WITH recursive RecursiveHierarchy AS (
  SELECT id as candidate_id, id, root_id, parent_id, true AS is_removable
  FROM the_table
  WHERE status = 'COMPLETE' AND now()-ts > '90d'::interval
  UNION ALL
  SELECT r.candidate_id, t.id, t.root_id, t.parent_id, 
         t.status = 'COMPLETE' AND now()-t.ts > '90d'::interval
  FROM the_table t
  JOIN RecursiveHierarchy r ON (   r.id in(t.parent_id,t.root_id)
                                OR t.id in(r.parent_id,r.root_id) ) 
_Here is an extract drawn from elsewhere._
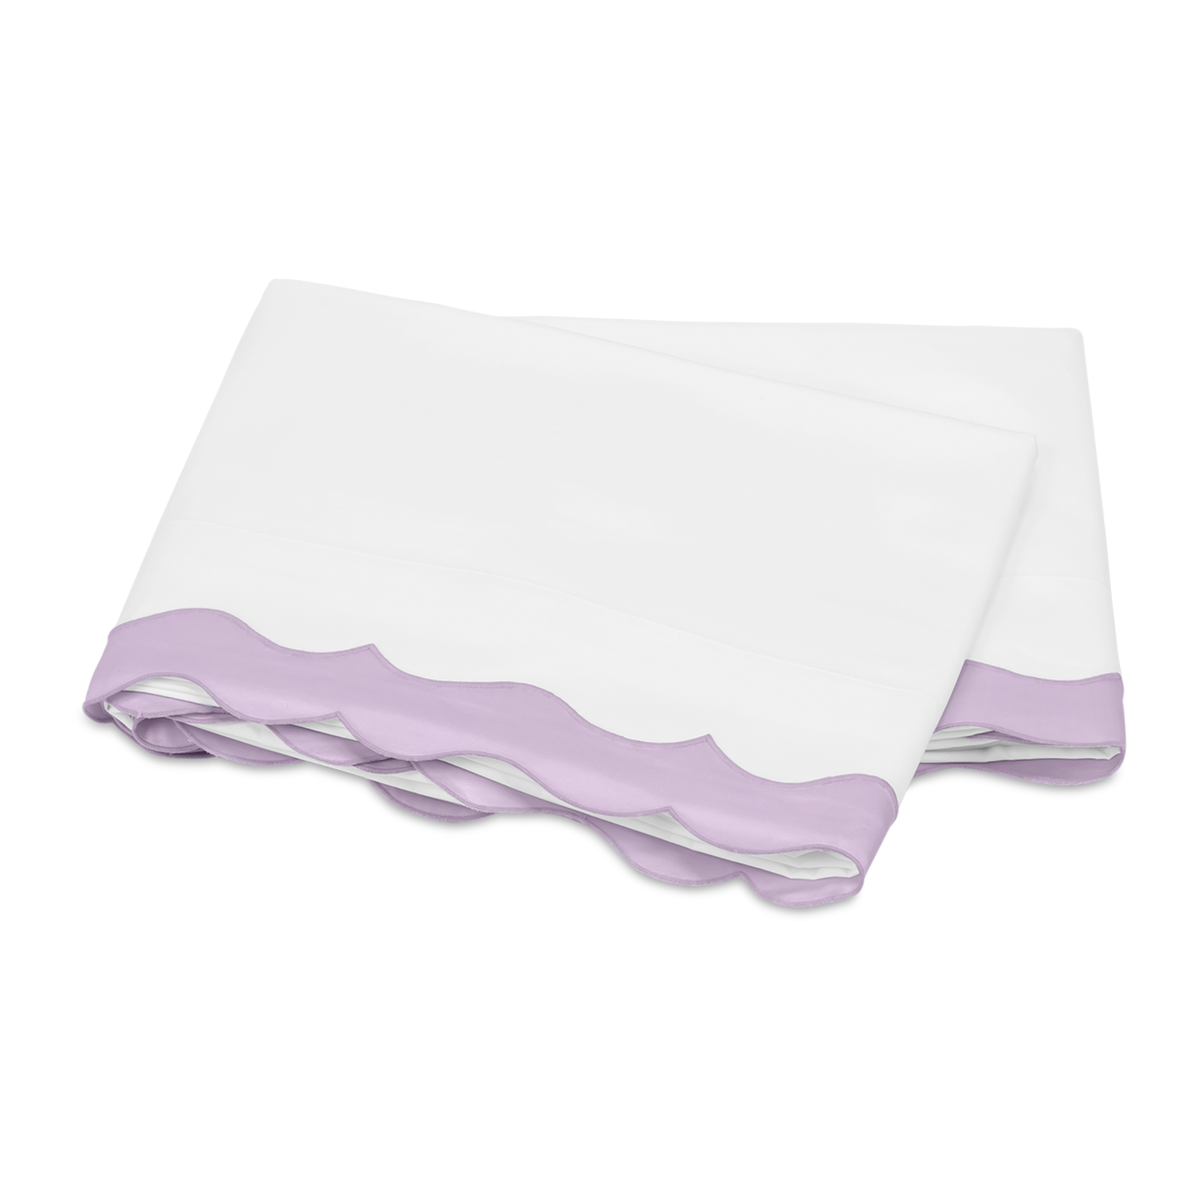 Folded Flat Sheet of Matouk Lorelei Bedding in Violet Color

                            AND t.id NOT IN (r.candidate_id,r.id)
  WHERE NOT is_cycle
) CYCLE id SET is_cycle USING path
,removables AS (
  SELECT candidate_id AS id FROM RecursiveHierarchy 
  GROUP BY candidate_id HAVING bool_and(is_removable)
)
DELETE FROM the_table
WHERE id IN (SELECT id FROM removables)
RETURNING *;

Note that whatever approach you take, this is doomed to be fairly complex because of the recursive nature of the problem. In the worst case, you could have 15k records, each one related to the next, all of which are removable, and only the last one turns out to be non-removable. The entire set would still have to be checked one-by-one, which takes time and memory in this structure. What you can do is change the structure and introduce a group_id/family_id: mark all rows in a family with a common id and make a trigger maintain it. Then, searching for non-removable relation becomes trivial.

If you really have to do complex graph traversal on db, consider pgrouting (example) or apache-age.